Re: O/S Search Comparisons

2007-12-08 Thread Michael McCandless
Sometimes, when something like this comes up, it gives you the  
opportunity to take a step back and ask what are the things we  
really want Lucene to be going forward (the New Year is good for  
this kind of assessment as well)  What are it's strengths and  
weaknesses?  What can we improve in the short term and what needs  
to improve in the longer term?  Maybe it's just that time of year  
to send out your Lucene Wish List... :-)


+1

There is still something for us to learn & improve in Lucene, even if  
the comparison is necessarily apples/oranges or unfair.


Lucene was listed as not having "Result Excerpt" which isn't really  
fair,  though it is true you have to pull in contrib/highlighter to  
enable it.


Did it crash on the 10 GB? I thought it said that it just took way  
to long (7 times the best or something). Frankly, either case is  
suspect. Last summer I indexed about 5 million docs with a total  
size at the *very* least of 10 GB on my 3 year old desktop. It  
didn't take much more than 8 hours to index and searches where  
still lightning fast. Maybe they forgot to give the JVM more than  
the default amount of RAM 


The paper just said "ht://Dig and Lucene degraded considerably their  
indexing time, and we excluded them from the final comparison".

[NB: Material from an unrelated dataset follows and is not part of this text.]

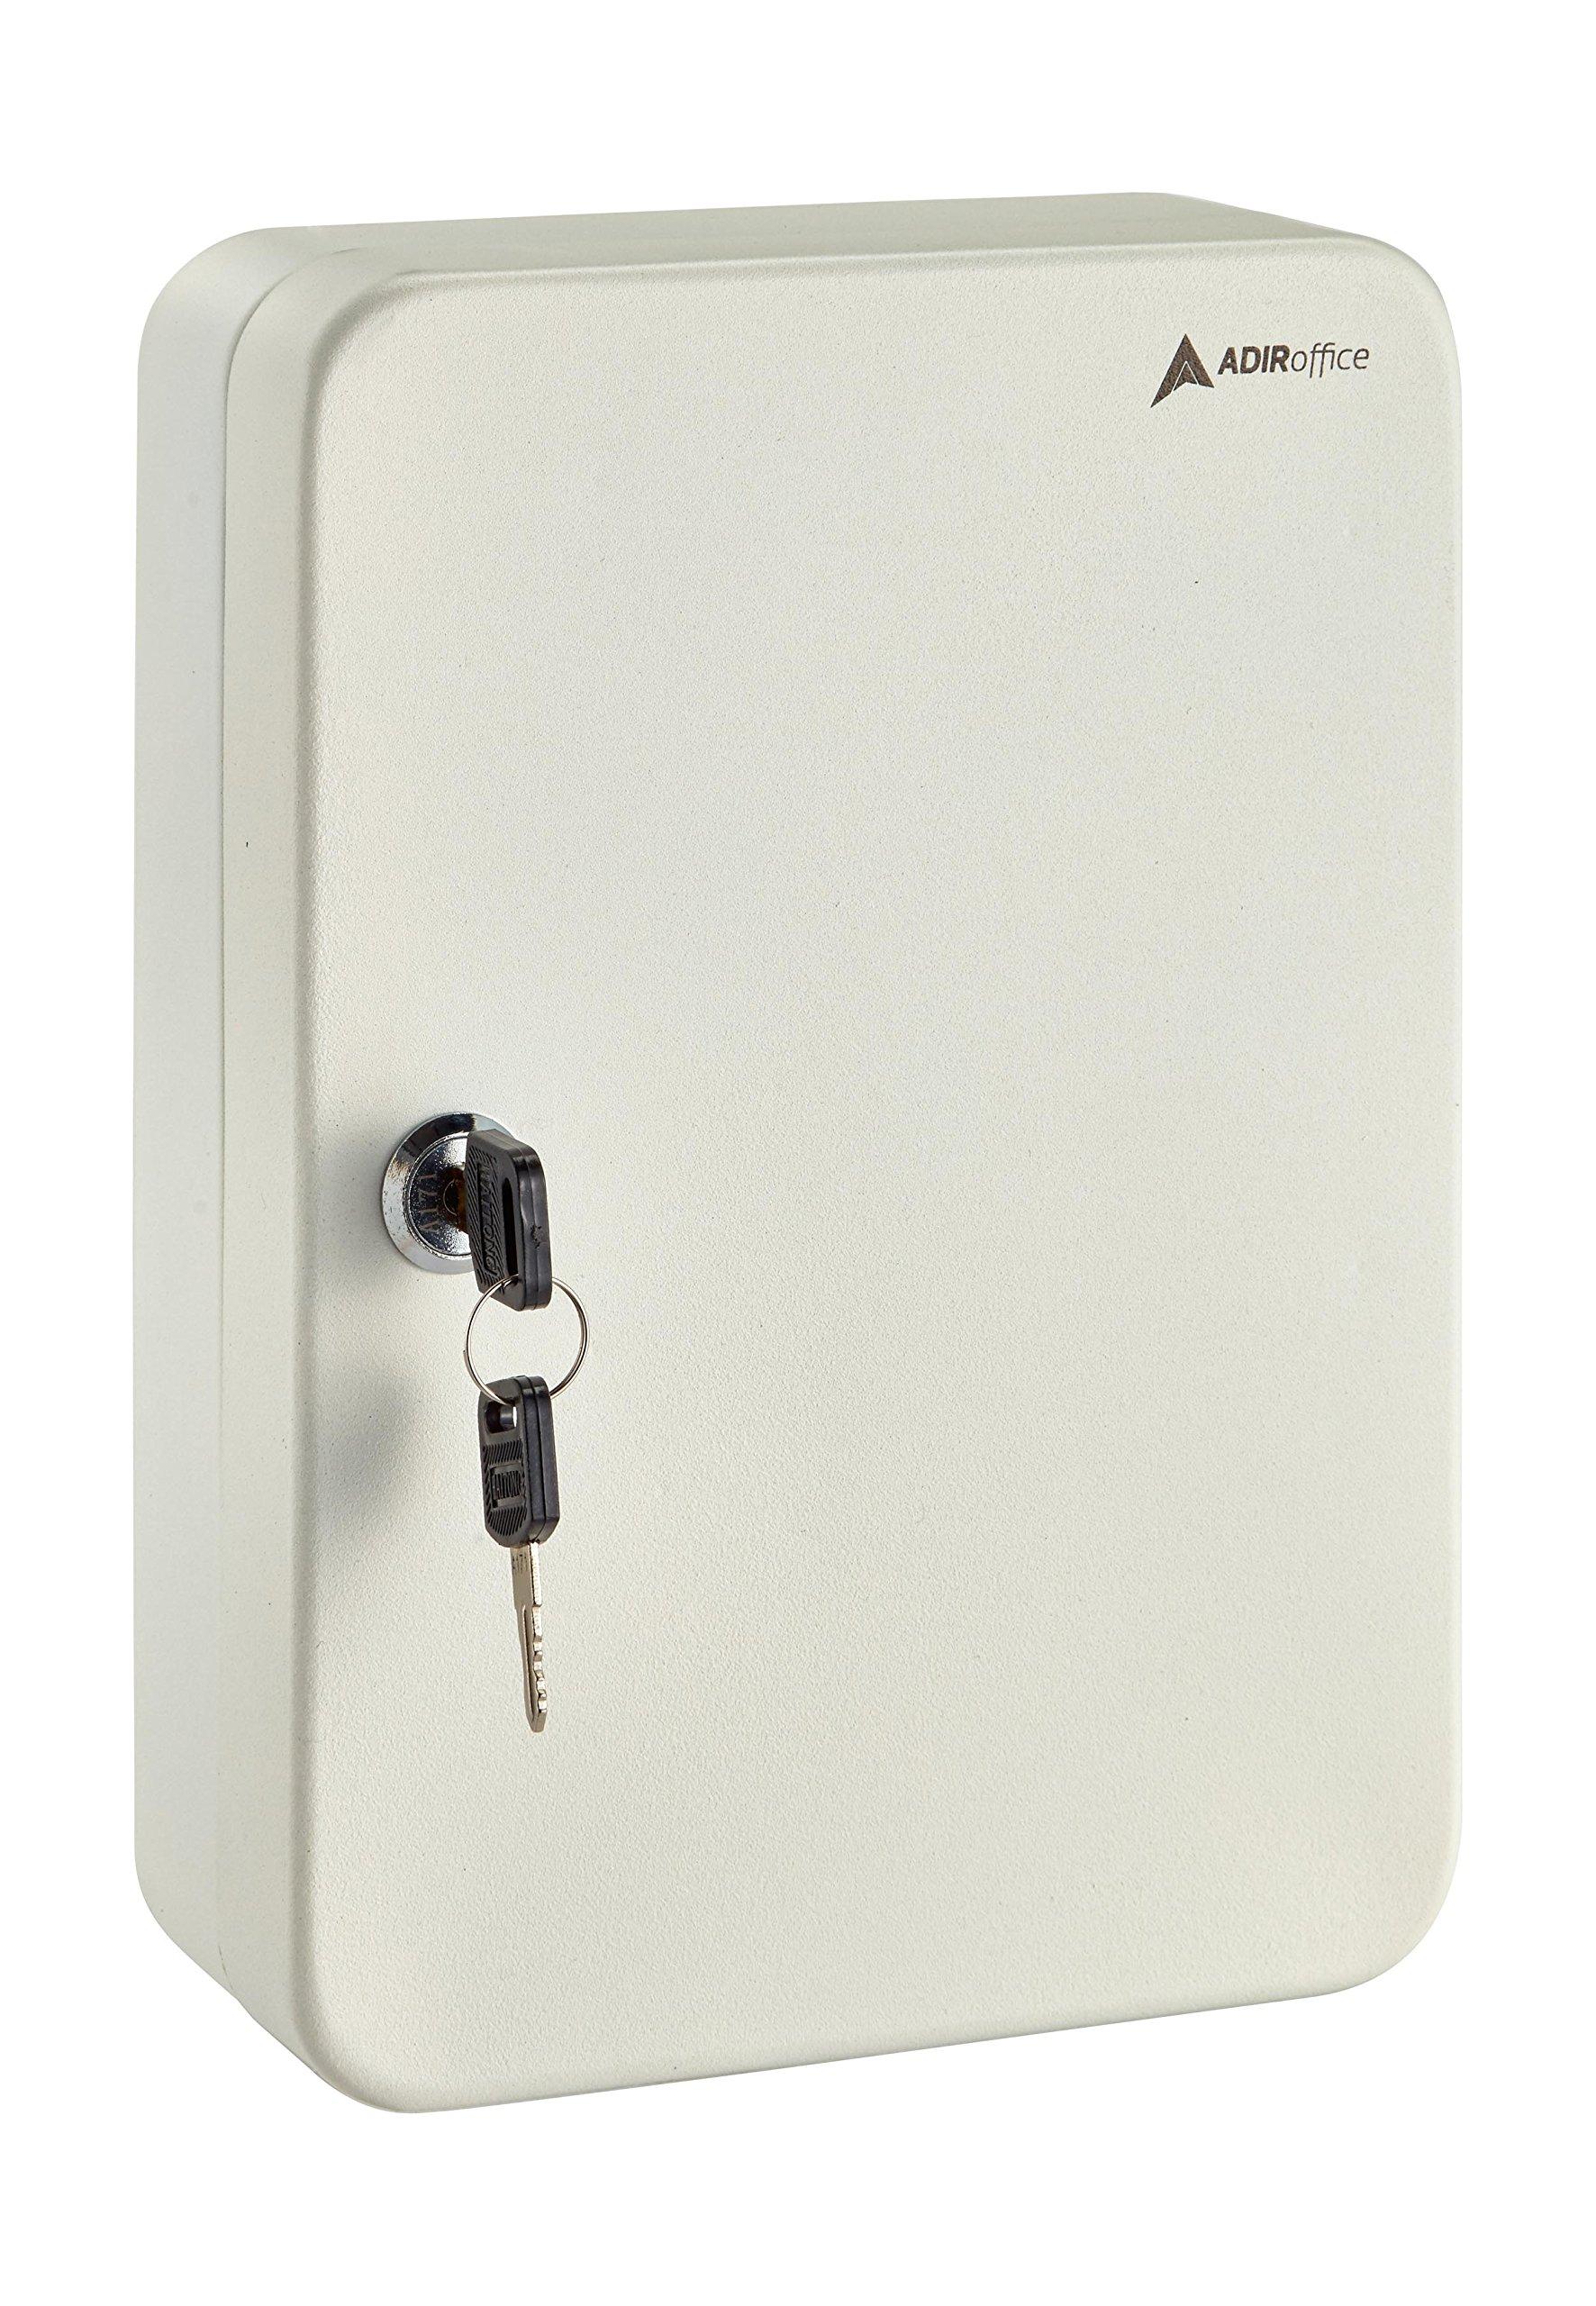 AdirOffice Key Steel Security Storage Holder Cabinet Valet Lock Box (48 Key, White)
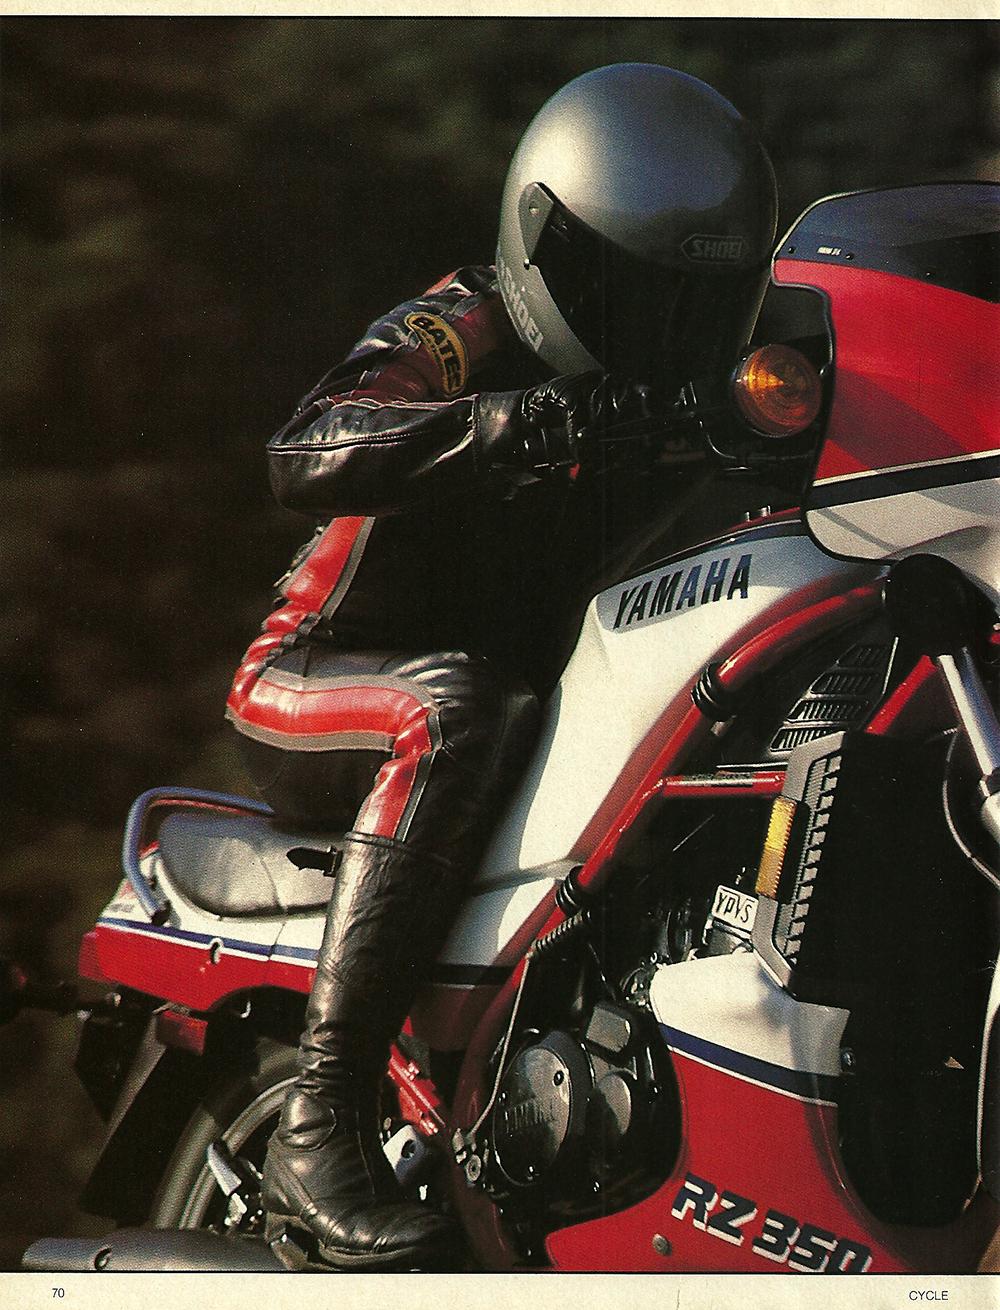 1984 Yamaha RZ350L road test 01.jpg

Maybe Lucene just hit a very large segment merge and the author  
incorrectly thought something had gone wrong since the addDocument  
call was taking incredibly long?  In which case the new default  
ConcurrentMergeScheduler should improve that.  I would expect Lucene  
2.3 to now have an advantage in that it makes use of concurrency in  
the hardware, out of the box, whereas likely other older engines are  
single threaded.


I've also thought about creating a simple optional threaded layer on  
top of IndexWriter which uses multiple threads to add documents,  
under the hood.  Such a class would expose all of the methods of  
IndexWriter (would feel just like IndexWriter), except calls to add/ 
updateDocument would drop into a queue which multiple threads  
(maintained by this class) would pull from and execute.  This would  
then let Lucene make use of even more concurrency ... and saves the  
"complexity" of application writers having to manage threads above  
Lucene.


It is also possible the collection size is such that the merge cost  
was very high (too high), because the LogMergePolicy inadvertently  
optimizes every so often.  Ie, for certain "unlucky" ranges of  
collection sizes (number of documents "just above" maxBuffereDocs *  
powers-of-mergeFactor, in log-space) you will indeed see that  
amortized merge cost was far too high.  This is because  
LogMergePolicy is "pay it forward": it pays up front for continuing  
growth of the index, vs paying as-you-go which would be better.  I  
opened LUCENE-854 for this issue a while back, but it's still open.   
Eg KinoSearch's merging doesn't "inadvertently optimize" I think.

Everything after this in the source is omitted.